Metabolic Signatures and Biomarkers in Schizophrenia

Metabolic Signatures and Biomarkers in First Episode and Recurrent Patients With Schizophrenia in Comparison to Healthy Controls

We plan to use a metabolomics lipid platform to map biochemical signatures in unmedicated schizophrenic patients prior to and 4 weeks post treatment with the antipsychotic drug aripiprazole and compare that to lipid perturbations induced by risperidone. These drugs have inherently different risk for metabolic adverse effects and patients respond to them differently. Metabolic signatures for the drugs capture significant biochemical information that could explain part of the basis for varied drug response within individuals and will highlight pathways implicated in drug action and in disease pathogenesis possibly enabling new drug design strategies. In addition, we will compare patients to healthy controls at baseline in regard lipid profiles.
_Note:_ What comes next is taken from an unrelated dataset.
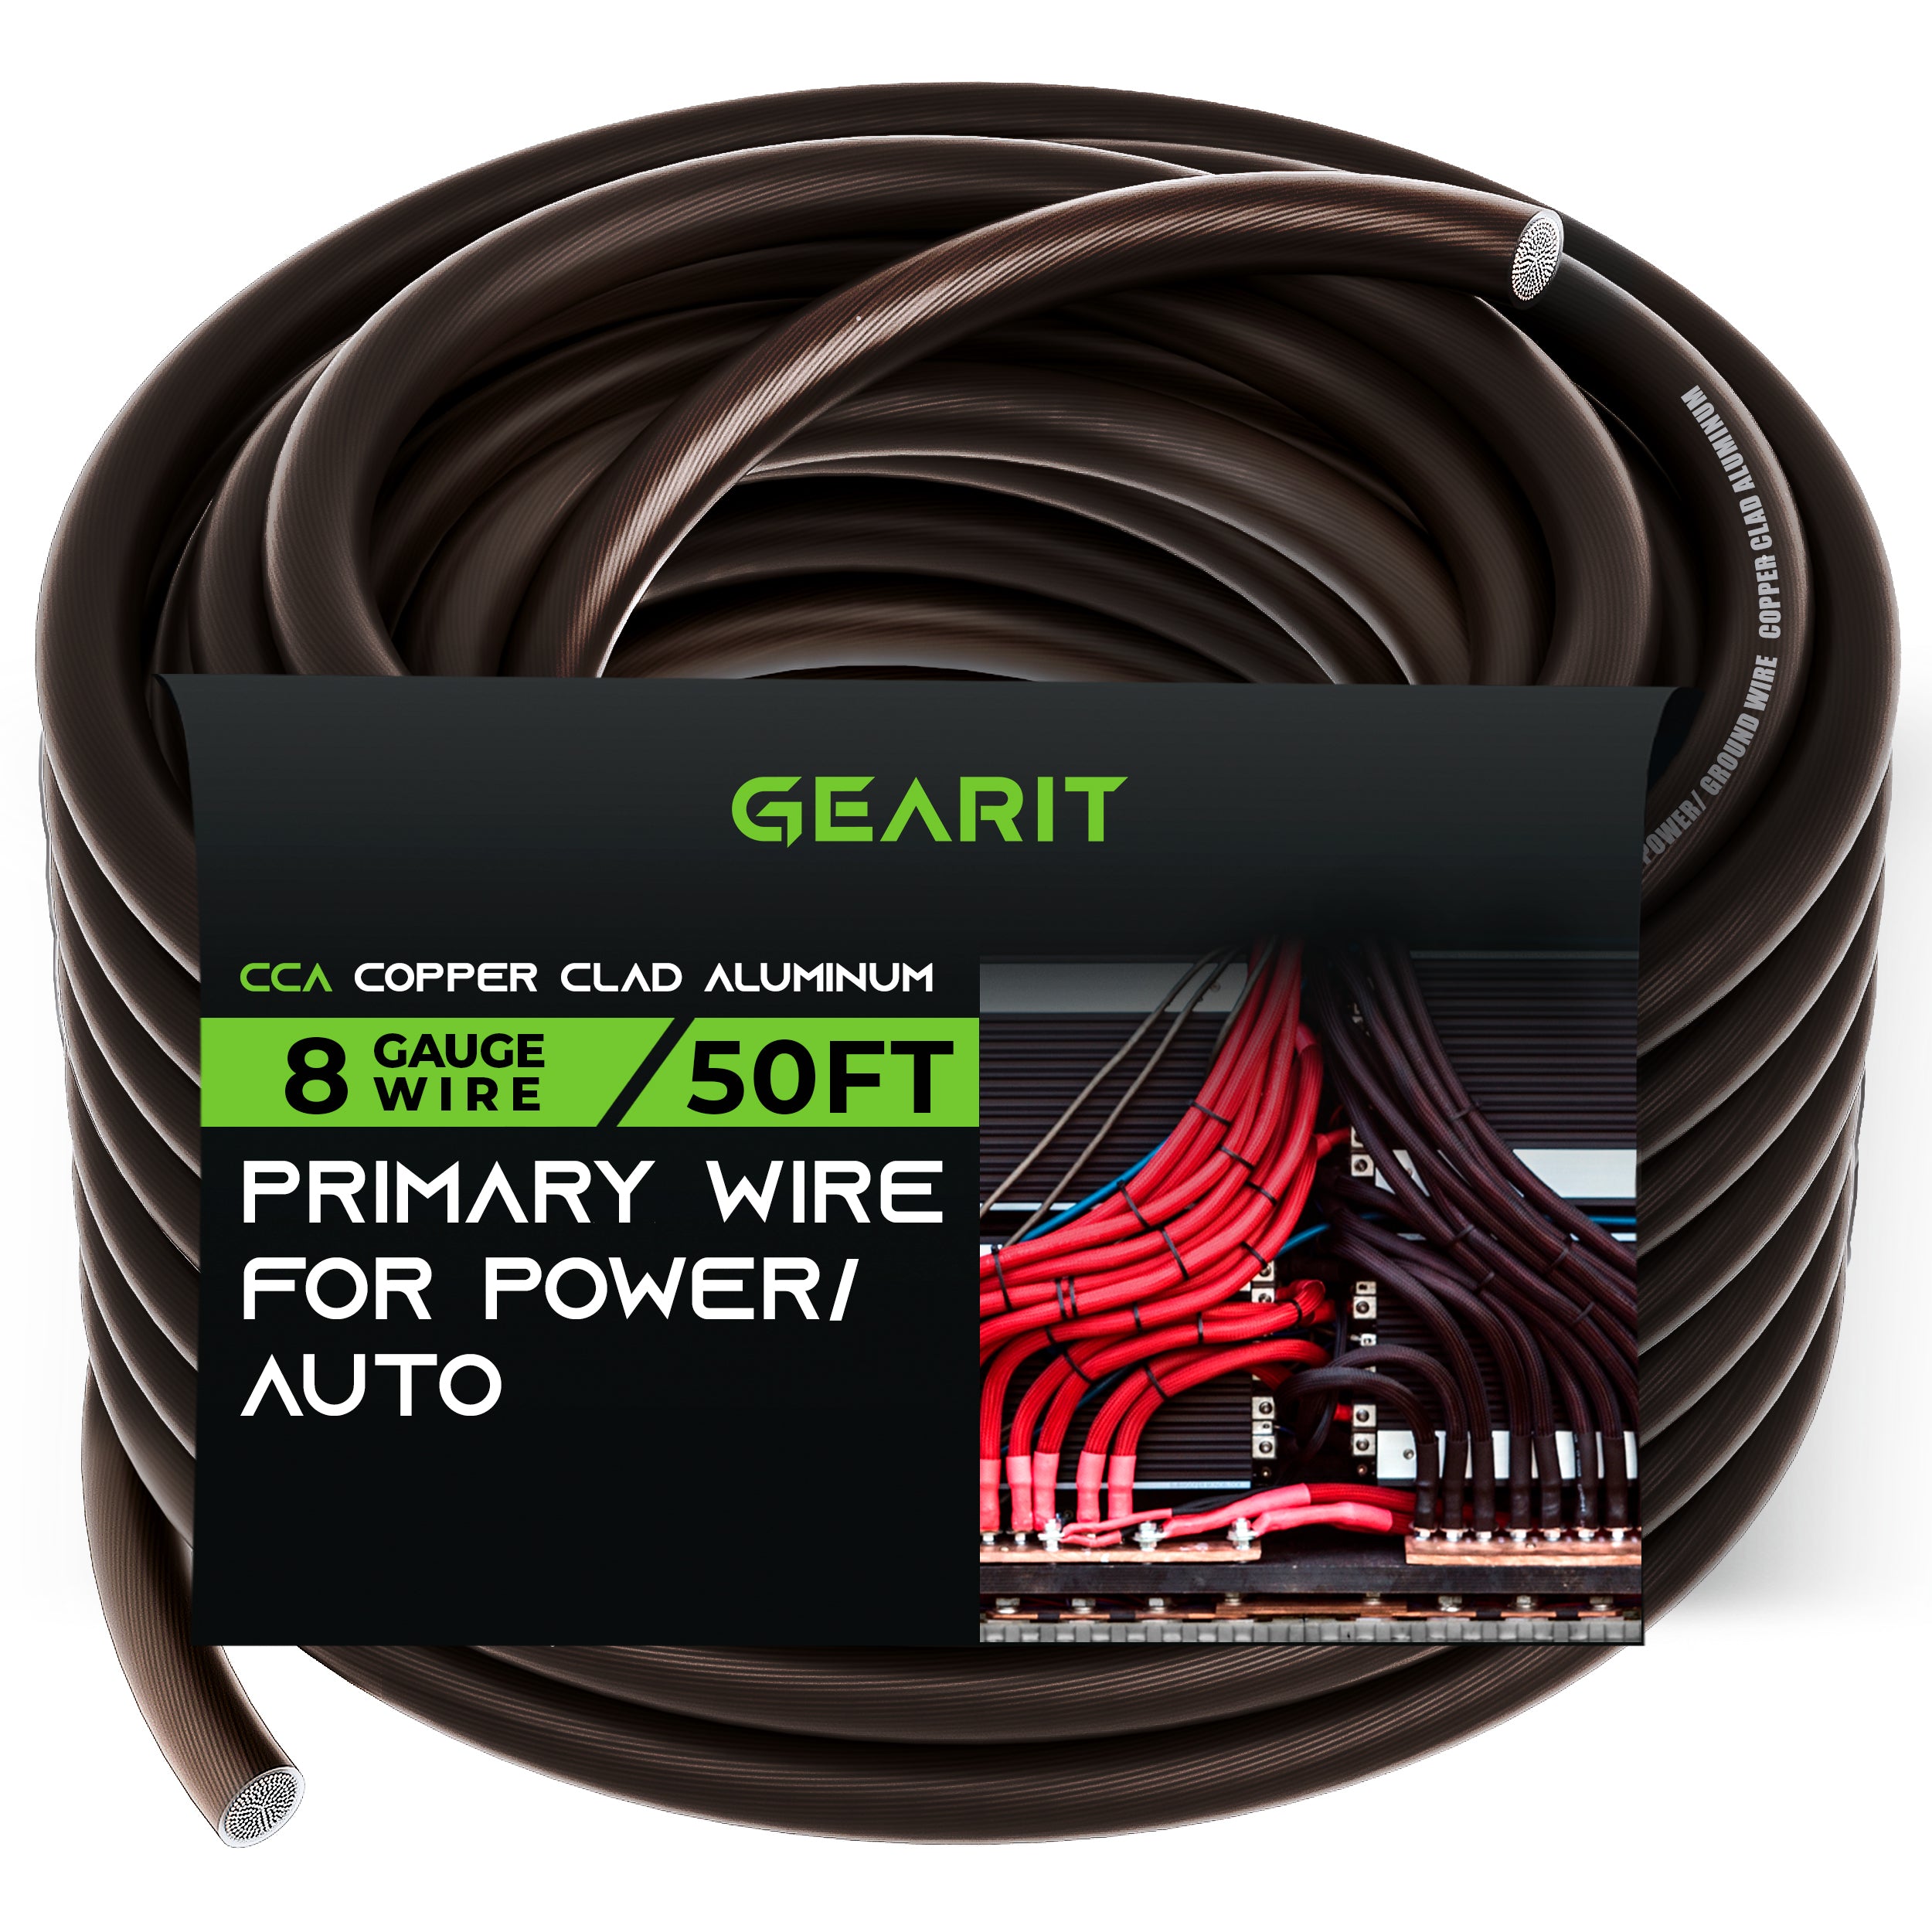 Iron Forge Cable 8 Gauge Primary Wire 2 Pack - 25ft Copper Clad Alumin -  iron forge tools

Schizophrenia (SCH) is a devastating mental disease that affects the human population worldwide with an incidence of about 1%. Most individuals with this illness benefit from long-term pharmacotherapy, however, the therapeutic effects of antipsychotic treatment are inconsistent, incomplete, and often countered by significant side-effects associated with long-term physical morbidity (e.g., tardive dyskinesia, obesity, hyperglycemia, hyperlipidemia. Metabolomics is a powerful new technology that provides a snap shot of biochemical pathways at a particular point in time. It has been earmarked as an important area to develop under the NIH roadmap initiative. We plan to use this platform to map biochemical signatures in unmedicated schizophrenic patients prior to and 4 weeks post treatment with the antipsychotic drug aripiprazole and compare that to lipid perturbations induced by risperidone. These drugs have inherently different risk for metabolic adverse effects and patients respond to them differently. Metabolic signatures for the drugs capture significant biochemical information that could explain part of the basis for varied drug response within individuals and will highlight pathways implicated in drug action and in disease pathogenesis possibly enabling new drug design strategies.In addition, we will compare patients to healthy controls at baseline in regard lipid profiles, to assess whether lipid profiles differ between unmedicated schizophrenia patients and healthy controls.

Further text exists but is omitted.